▶ ACTIVITY: In the entries below, begin at the line that has "Celery Powder (PPU8-18)" and stop after the line that has "Bad Waldsee - Bad Waldsee"; output those lines exactly, leaving out pictures.

▶ EXERCISE DATA:
* * * *

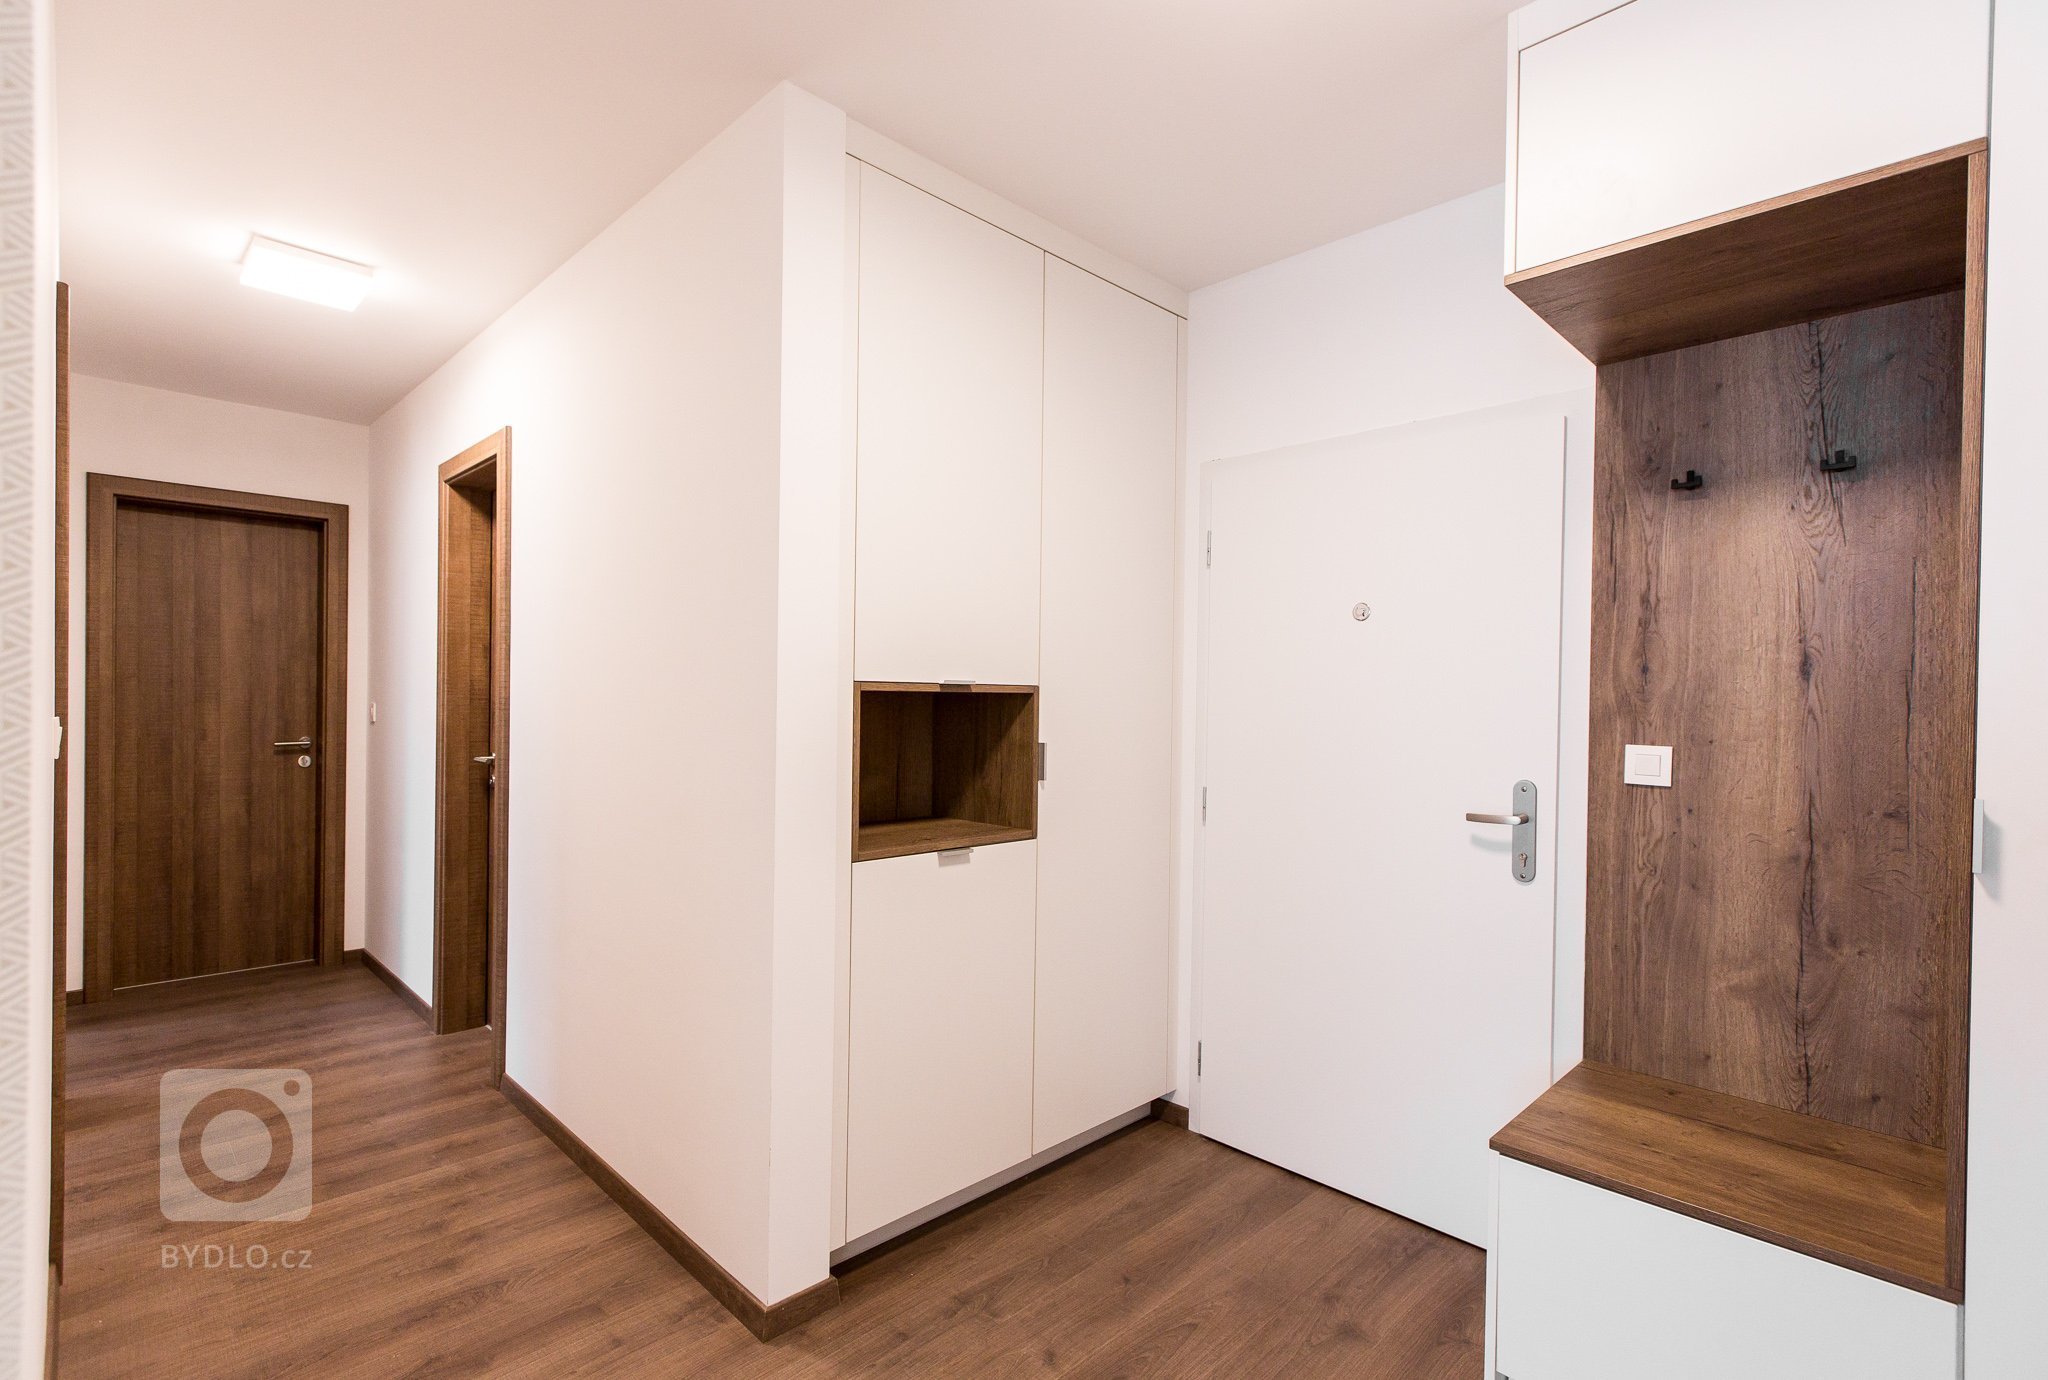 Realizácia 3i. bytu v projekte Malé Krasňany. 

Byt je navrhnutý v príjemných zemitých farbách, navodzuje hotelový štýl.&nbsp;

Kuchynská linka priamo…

* * * *

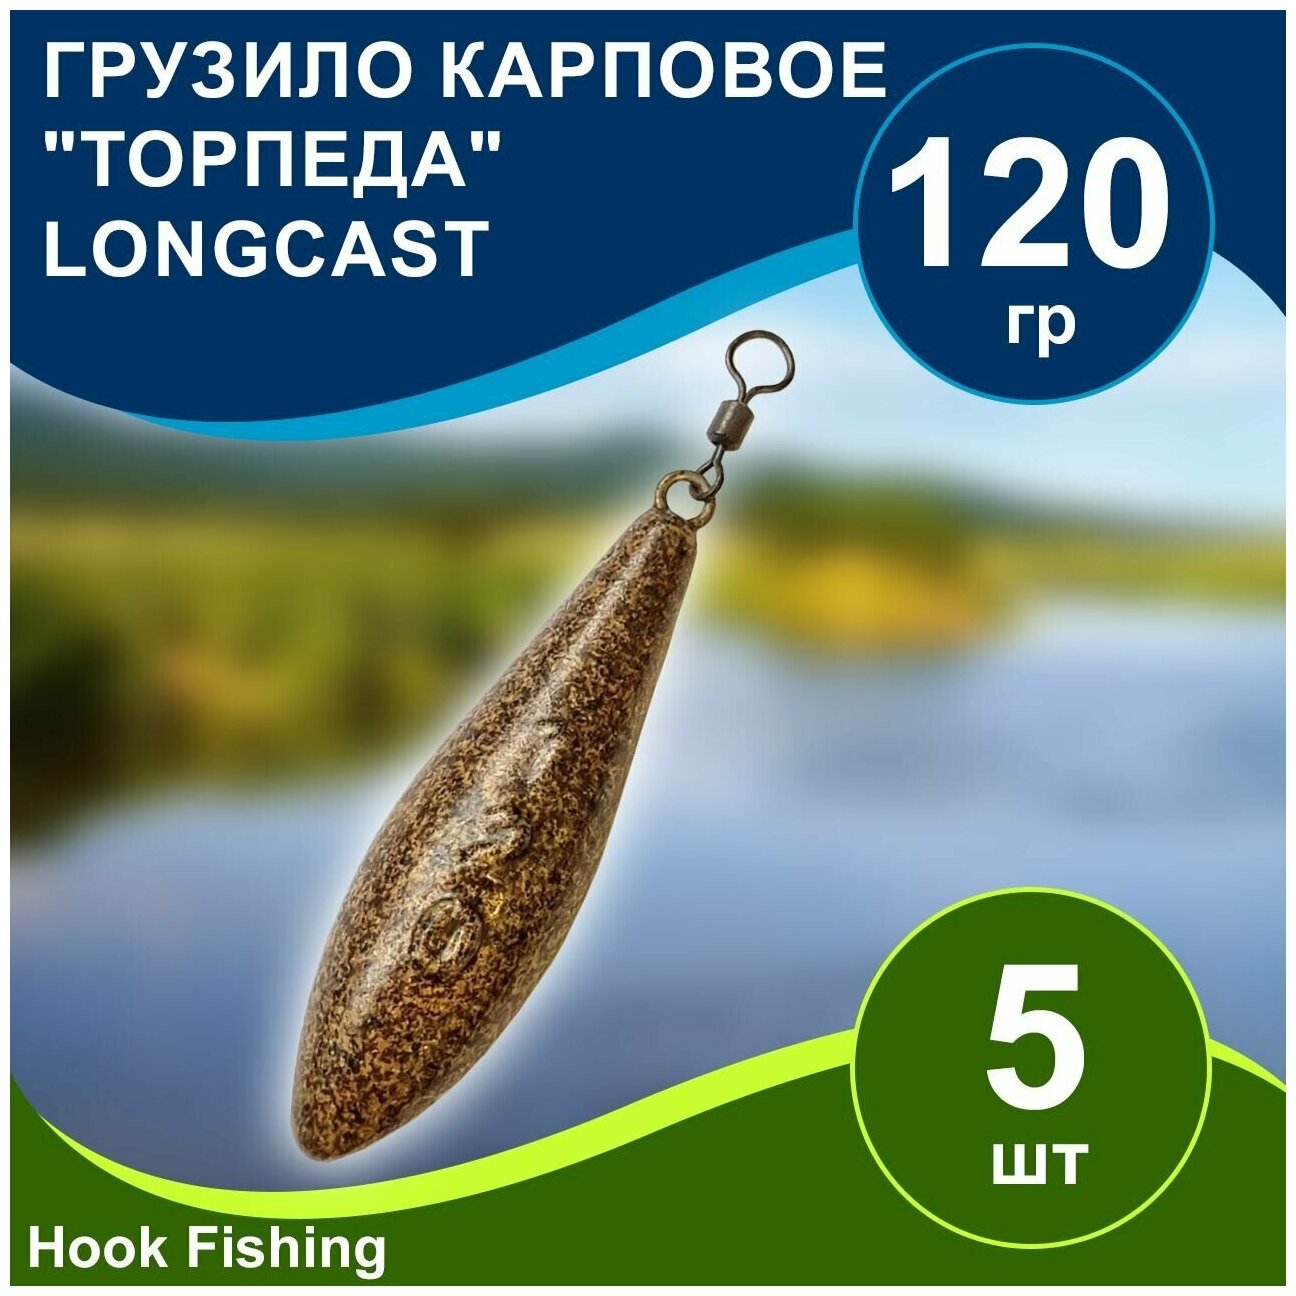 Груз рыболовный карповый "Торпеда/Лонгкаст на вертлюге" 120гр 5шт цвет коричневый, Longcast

* * * *

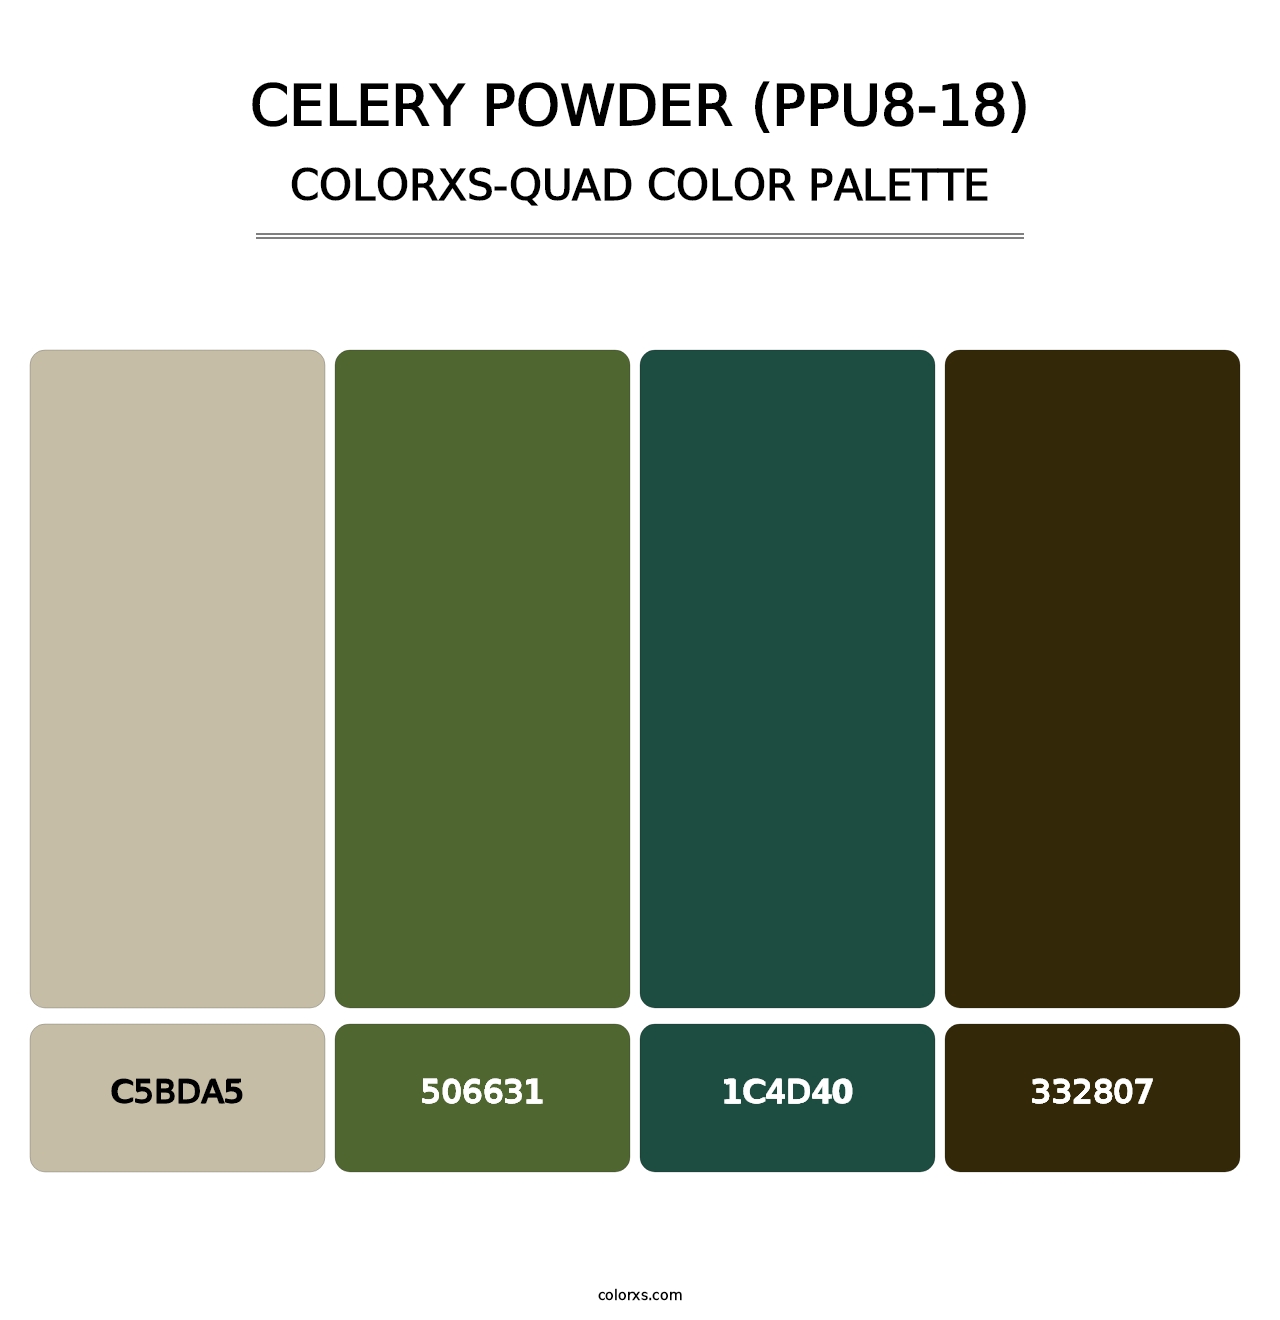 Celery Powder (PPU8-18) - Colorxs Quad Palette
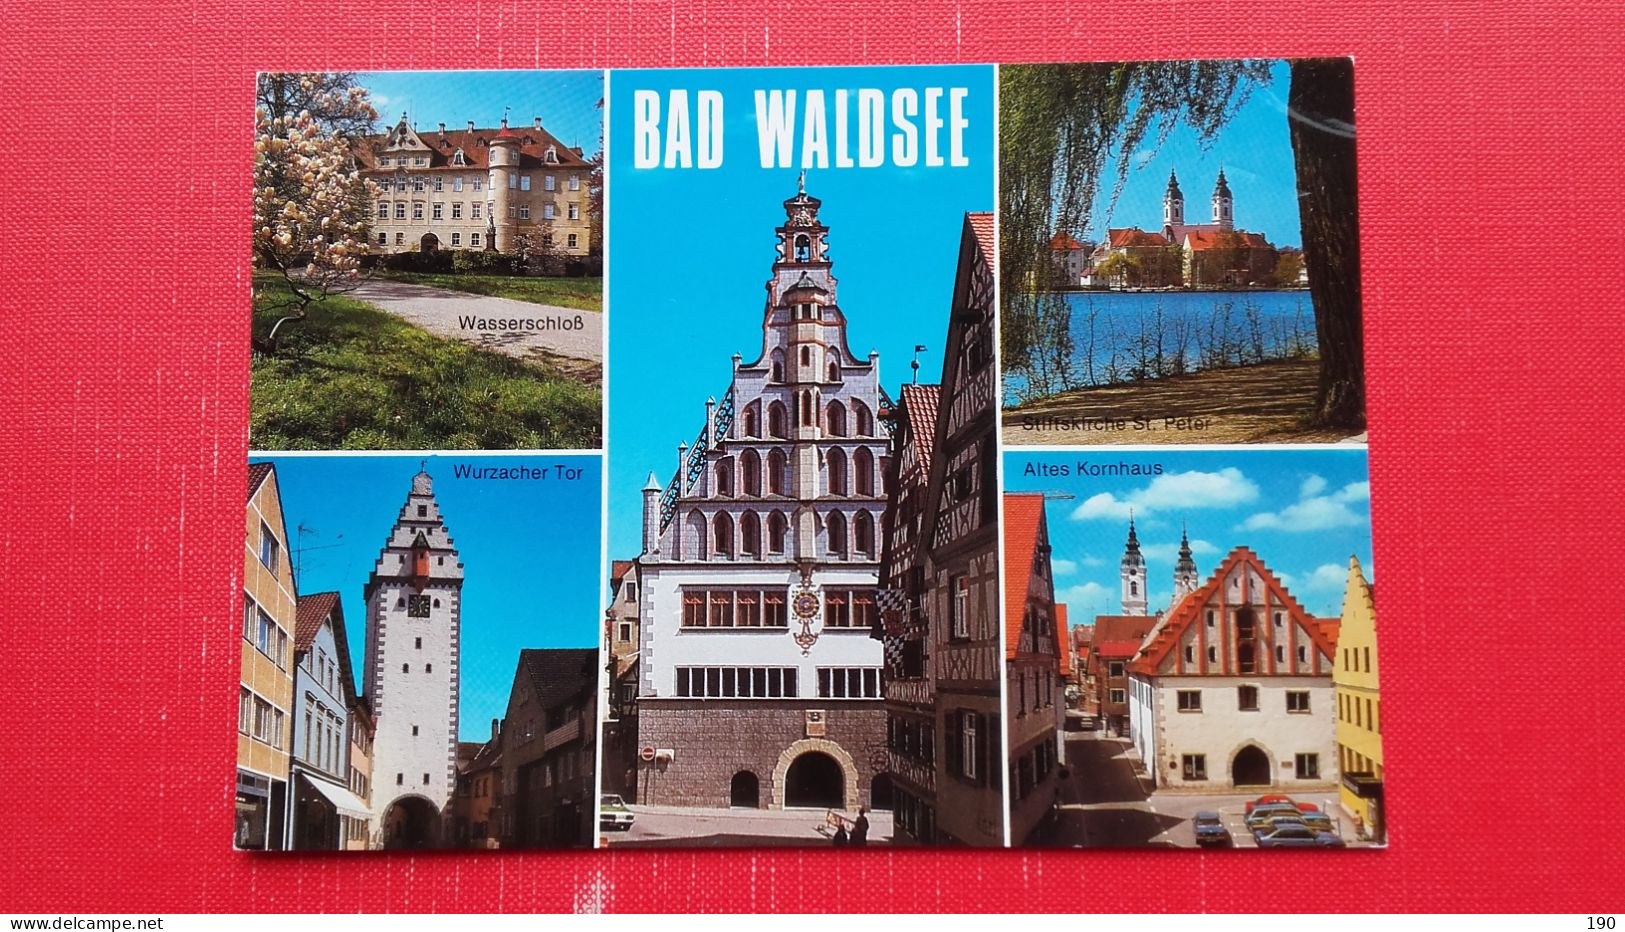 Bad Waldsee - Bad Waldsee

* * * *

▶ RESPONSE TO THIS TASK:
 Celery Powder (PPU8-18) - Colorxs Quad Palette
 Bad Waldsee - Bad Waldsee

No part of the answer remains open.